Clin Res Cardiol (2022).

Matrix metalloproteinase 13 is upregulated after myocardial infarction and its depletion is beneficial for survival
H. Bräuninger1, S. Krüger1, P. M. Becher1, J. T. Neumann1, L. Bacmeister1, S. Voß1, V. Lang1, T. Zeller1, S. Lämmle2, A. El-Armouche2, P. Kirchhof1, S. Blankenberg1, D. Westermann1, D. Lindner1
1Klinik für Kardiologie, Universitäres Herz- und Gefäßzentrum Hamburg GmbH, Hamburg; 2Institut für Pharmakologie und Toxikologie, Medizinische Fakultät Carl Gustav Carus der TU Dresden, Dresden;
Cardiovascular diseases such as myocardial infarction (MI) remaining a leading cause of death in the world. Matrix metalloproteinases (MMPs) are not only essential for the cleavage of collagen but are also modifying inflammatory proteins and cytokines. Thus, MMPs are playing a substantial role in the context of inflammatory and fibrotic processes in tissue remodelling after MI.

Mmp13 the highest expressed collagenase in the murine left ventricle (LV). Previous results of our group revealed, highly elevated Mmp13 levels in the LV 5d as well as 28d post MI in mice. Therefore, the aim of this study was to characterize the role of MMP13 in MI and to evaluate its potential for treatment options. The functional homologue of Mmp13 in humans is MMP1. Single nucleotide polymorphisms (SNPs) in the promotor region of MMP1 can lead to alterations of gene expression levels.
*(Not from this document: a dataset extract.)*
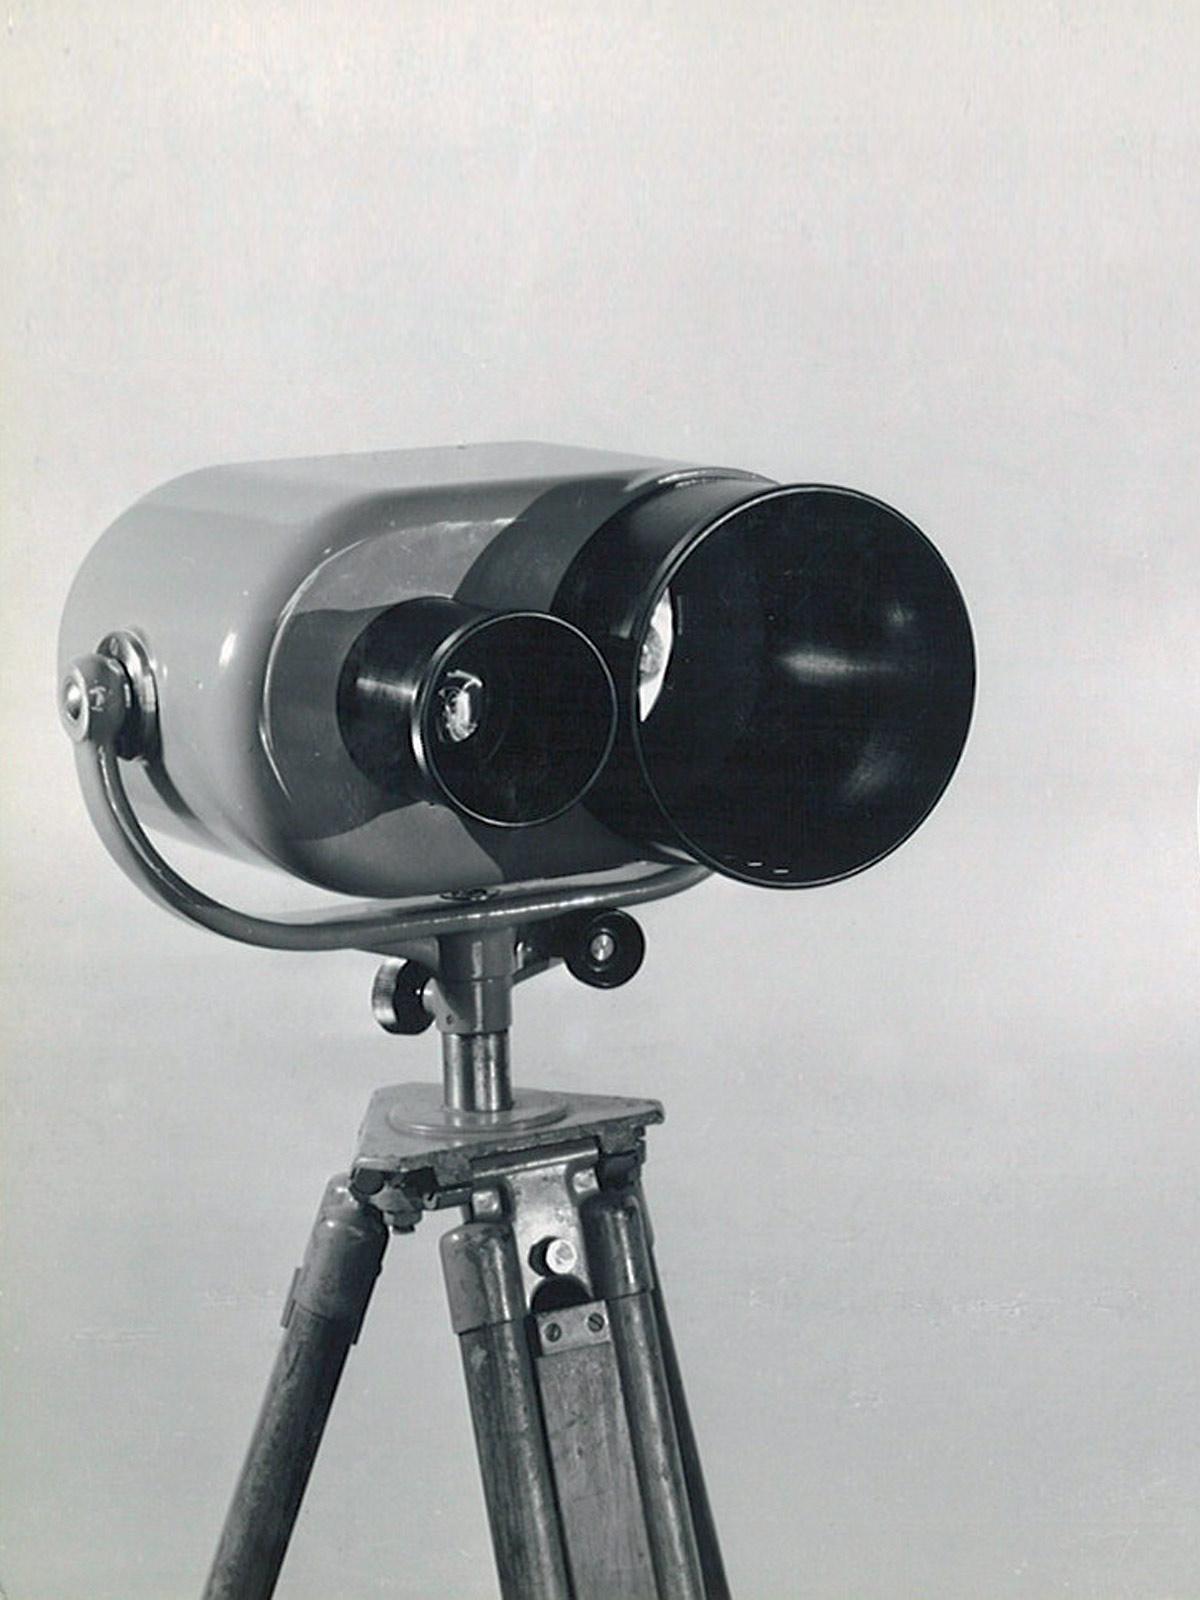 Kliknite za sliku za veću verziju  Ime:olympics_1948_photoelectric_1200x1600_large.jpg Viđeno:484 Veličina:220,5 KB ID:130398

Therefore, we analysed the genotype of the BACC cohort containing approximately 2000 patients who presented with suspected myocardial infarction, to reveal associations with the development of MI and outcome after MI.

To determine the cellular origin of elevated Mmp13 in the LV after MI, Mmp13 expression in different cardiac cell types was accessed at a quiescent stage and under ischaemic conditions. Furthermore, MMP13-knockout (KO) mice were compared to wildtype (WT) littermates after induction of MI. Gene expression analysis and histological staining were performed 1, 5 and 28d post MI, to analyse fibrosis and inflammation. In addition, cardiac function of WT and MMP13-KO mice was accessed 28d post MI via hemodynamic measurements. For the human cohort study, two patient groups (non-MI and MI) were restricted out of the BACC cohort at the University Heart and Vascular Centre Hamburg. In these groups, genotypes for 3 SNPs were distinguished. Hazard ratios adjusted to age and male sex were assessed, to evaluate risk for MI and risk for death after MI in dependency of the allele.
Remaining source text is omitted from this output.